Authors: Brouwer M,  Schinasi L,  Beane Freeman LE,  Baldi I,  Lebailly P,  Ferro G,  Nordby KC,  Schüz J,  Leon ME,  Kromhout H
Journal: Occup Environ Med
Date: 2016 Jun
Branches: OEEB
PubMed ID: 27009271
PMC ID: not available
Abstract: BACKGROUND: This paper describes methods developed to assess occupational exposure to pesticide active ingredients and chemical groups, harmonised across cohort studies included in the first AGRICOH pooling project, focused on the risk of lymph-haematological malignancies. METHODS: Three prospective agricultural cohort studies were included: US Agricultural Health Study (AHS), French Agriculture and Cancer Study (AGRICAN) and Cancer in the Norwegian Agricultural Population (CNAP). Self-reported pesticide use was collected in AHS. Crop-exposure matrices (CEMs) were developed for AGRICAN and CNAP. We explored the potential impact of these differences in exposure assessment by comparing a CEM approach estimating exposure in AHS with self-reported pesticide use.
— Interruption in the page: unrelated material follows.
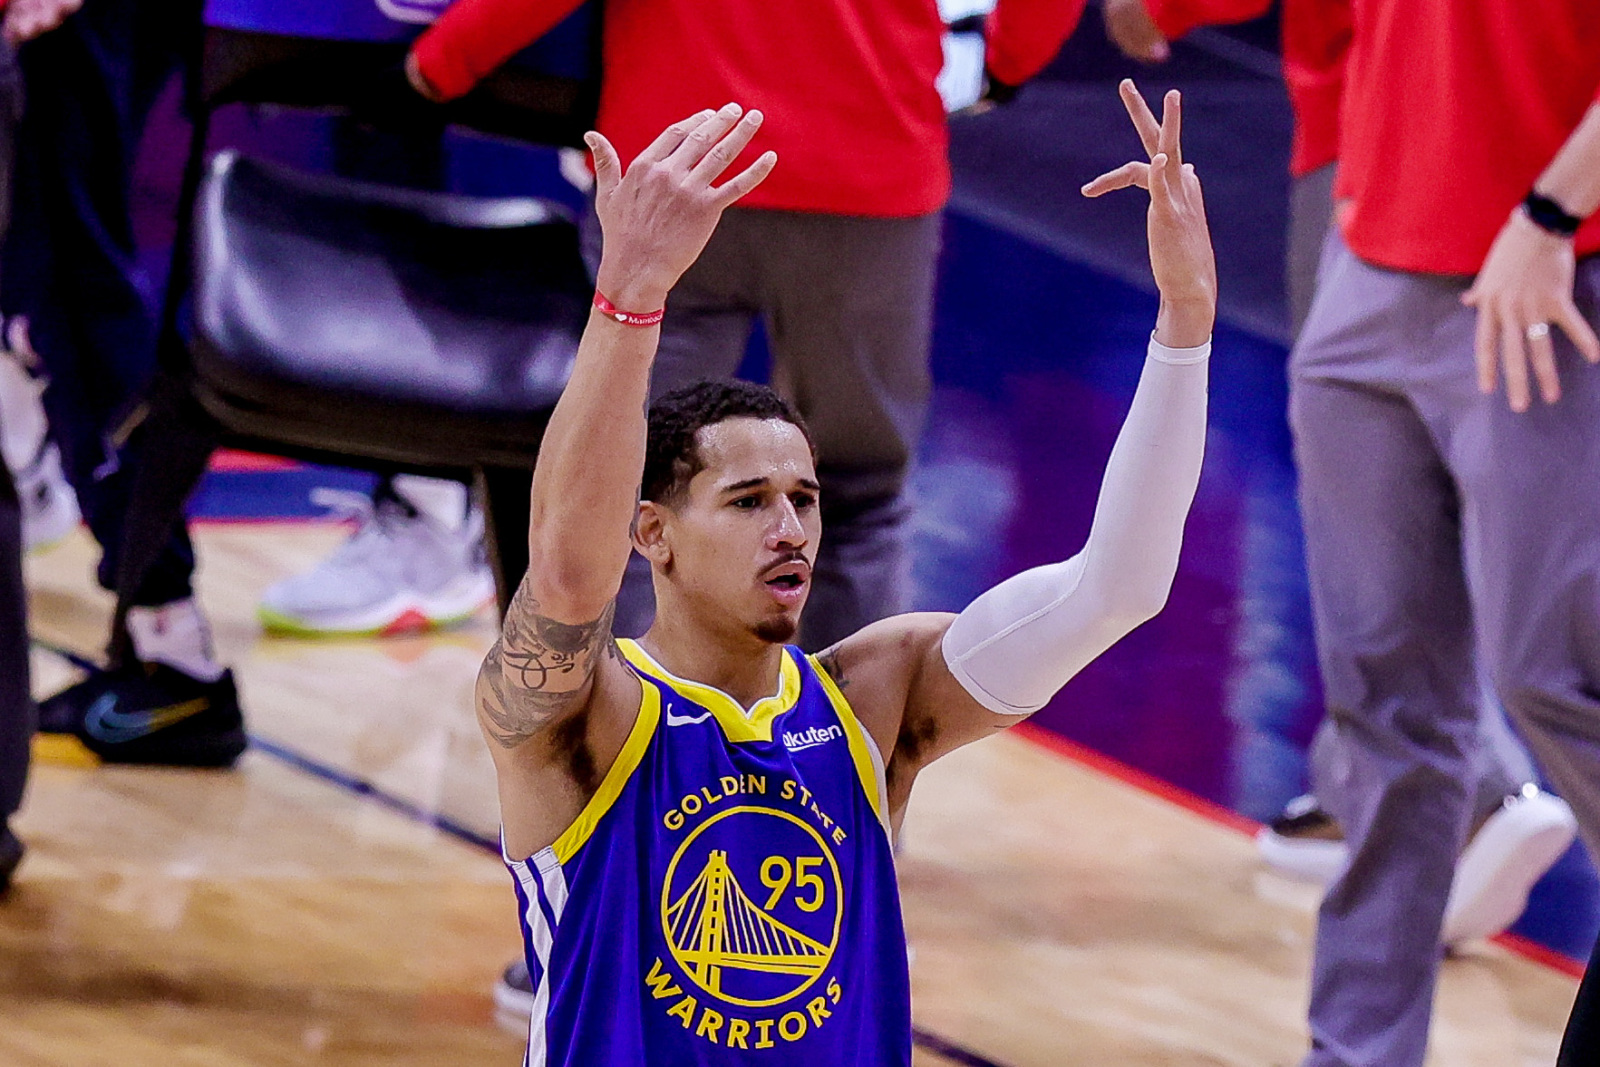 Report: Warriors' Juan Toscano-Anderson to compete in NBA dunk contest

RESULTS: In AHS, 99% of participants were considered exposed to pesticides, 68% in AGRICAN and 63% in CNAP. For all cohorts combined (n=316 270), prevalence of exposure ranged from 19% to 59% for 14 chemical groups examined, and from 13% to 46% for 33 active ingredients. Exposures were highly correlated within AGRICAN and CNAP where CEMs were applied; they were less correlated in AHS. Poor agreement was found between self-reported pesticide use and assigned exposure in AHS using a CEM approach resembling the assessment for AGRICAN (κ -0.00 to 0.33) and CNAP (κ -0.01 to 0.14). CONCLUSIONS: We developed country-specific CEMs to assign occupational exposure to pesticides in cohorts lacking self-reported data on the use of specific pesticides. The different exposure assessment methods applied may overestimate or underestimate actual exposure prevalence, and additional work is needed to better estimate how far the exposure estimates deviate from reality.